Precisamos primeiro compreender o conceito de cidadania e ter ciência que este
conceito mudou ao longo do tempo na sociedade ocidental e atualmente tem sentidos
diferentes em lugares diferentes pelo mundo. Guarinello (2012, pág. 29) afirma que

[...] não podemos falar de continuidade do mundo antigo, de repetição de uma


experiência passada e nem mesmo de um desenvolvimento progressivo que
unisse o mundo contemporâneo ao antigo. São mundos diferentes, com
sociedades distintas, nas quais pertencimento, participação e direitos têm
sentidos diversos.

O autor chama atenção para o fato de que se faz necessário entender que a ideia
de cidadania muda, dependendo do lugar e do tempo em questão. Os PCN’s de História
(1998, pág. 36) confirmam essa questão ao assinalar
A ideia de cidadania foi inicialmente construída em uma época e em uma
sociedade, mas foi reconstruída por outras épocas e culturas. A cidadania não
é compreendida de modo semelhante por todos os indivíduos e grupos hoje no
Brasil, como não era em outras épocas. É diferente ainda do sentido atribuído
pelos atenienses da época de Péricles ou pelos revolucionários franceses de
1789, nem é idêntica às práticas e crenças da população norte-americana atual.
Os sentidos que a palavra assume para os brasileiros incluem os demais
sentidos historicamente construídos, mas ultrapassam os seus contornos,
incorporando problemáticas e debates especificamente nacionais, que são e
que foram moldados, no presente e no passado, por indivíduos, grupos, classes,
instituições, governos e Estado e, também, nas suas inter-relações.

32
O documento pontua as mudanças quanto ao conceito de cidadania, visto que na
Grécia Antiga, apesar de ser considerada o berço da democracia, não era considerado
como cidadão, mas mulheres, os escravos e os estrangeiros.
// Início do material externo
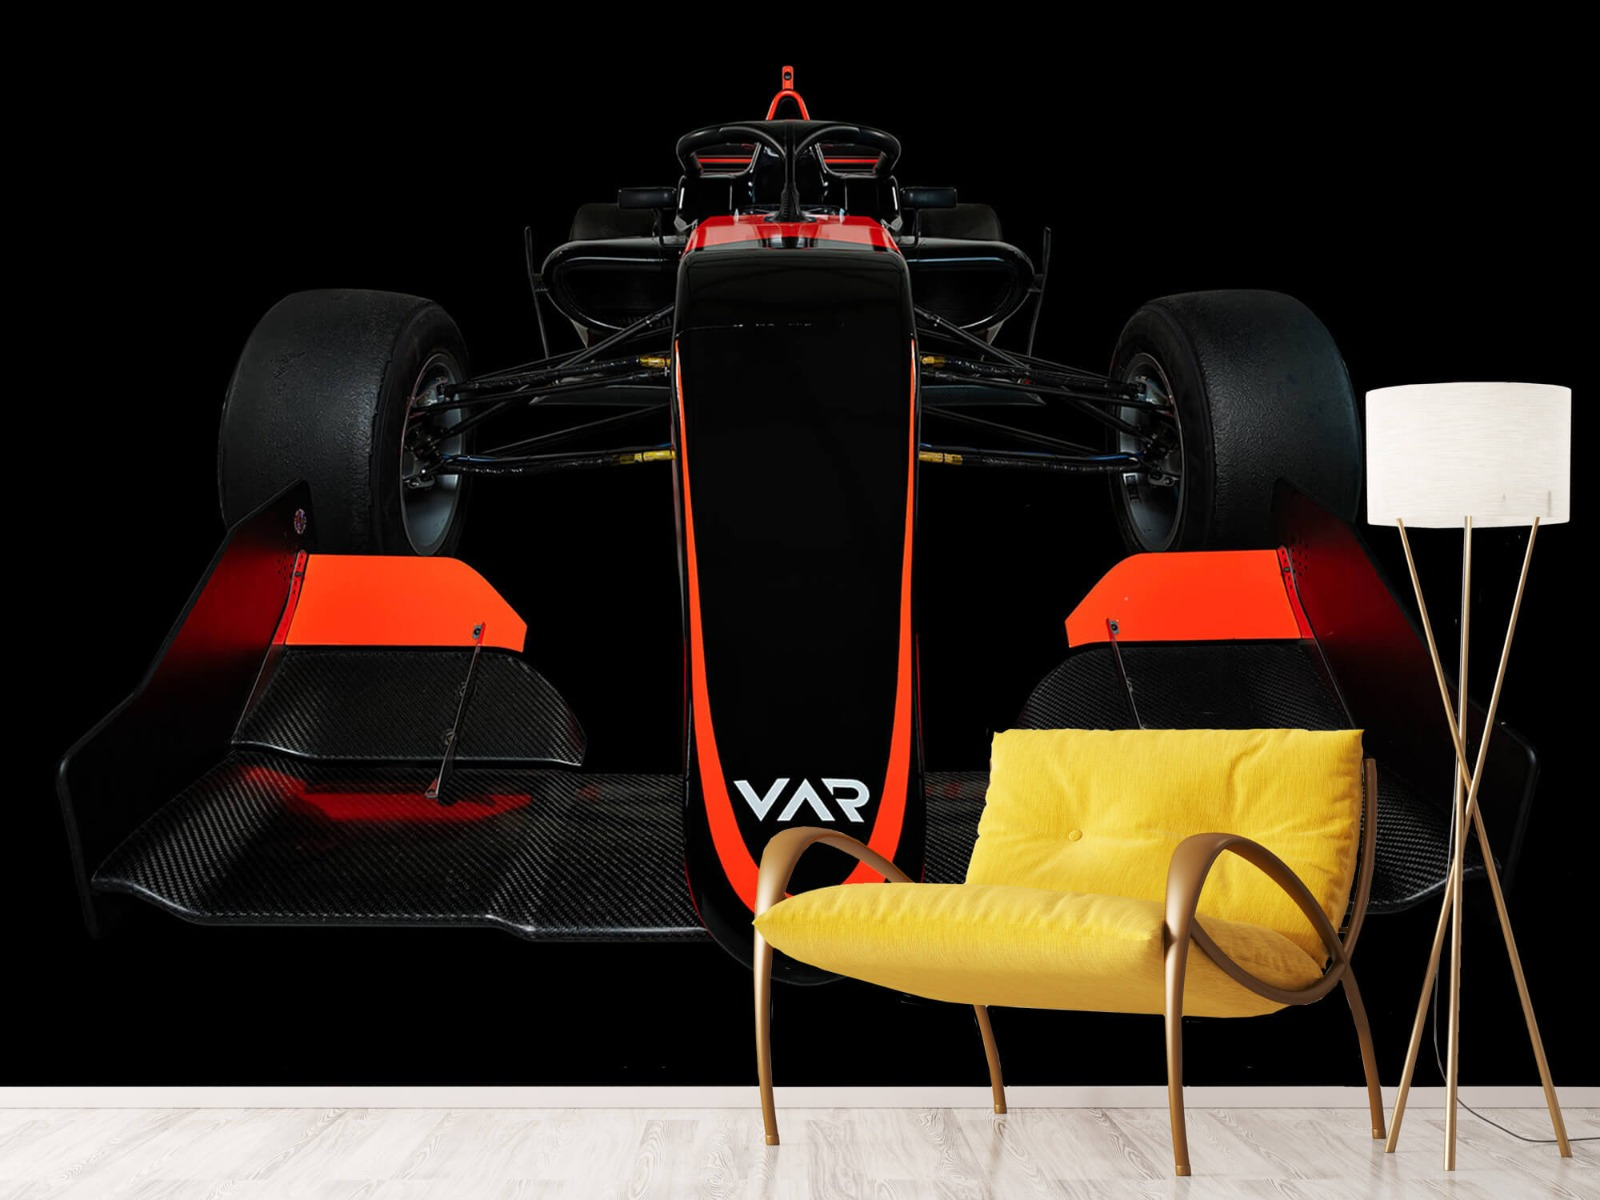 Sportauto's - Formule 3 - Lower front view - dark - Slaapkamer 11

Se olharmos apenas para o
nosso país veremos que o conceito de cidadania existente no século XVIII por exemplo,
é completamente diferente do que entendemos como cidadania nos dias atuais.
Busquemos então compreender o conceito moderno de cidadania. De acordo com
Campos (2012, pág. 17) “a moderna concepção de cidadania considera como cidadão
aquele que é membro de um estado-nação. Essa condição é dada pelo nascimento ou pela
naturalização [...]”. Corroborando com a autora encontramos entre os objetivos gerais
do Ensino Fundamental, apontados nos PCN’s que o aluno deve

compreender a cidadania como participação social e política, assim como


exercício de direitos e deveres políticos, civis e sociais, adotando, no dia-a-dia,
atitudes de solidariedade, cooperação e repúdio às injustiças, respeitando o
outro e exigindo para si o mesmo respeito; (BRASIL, 1998 S/PÁG)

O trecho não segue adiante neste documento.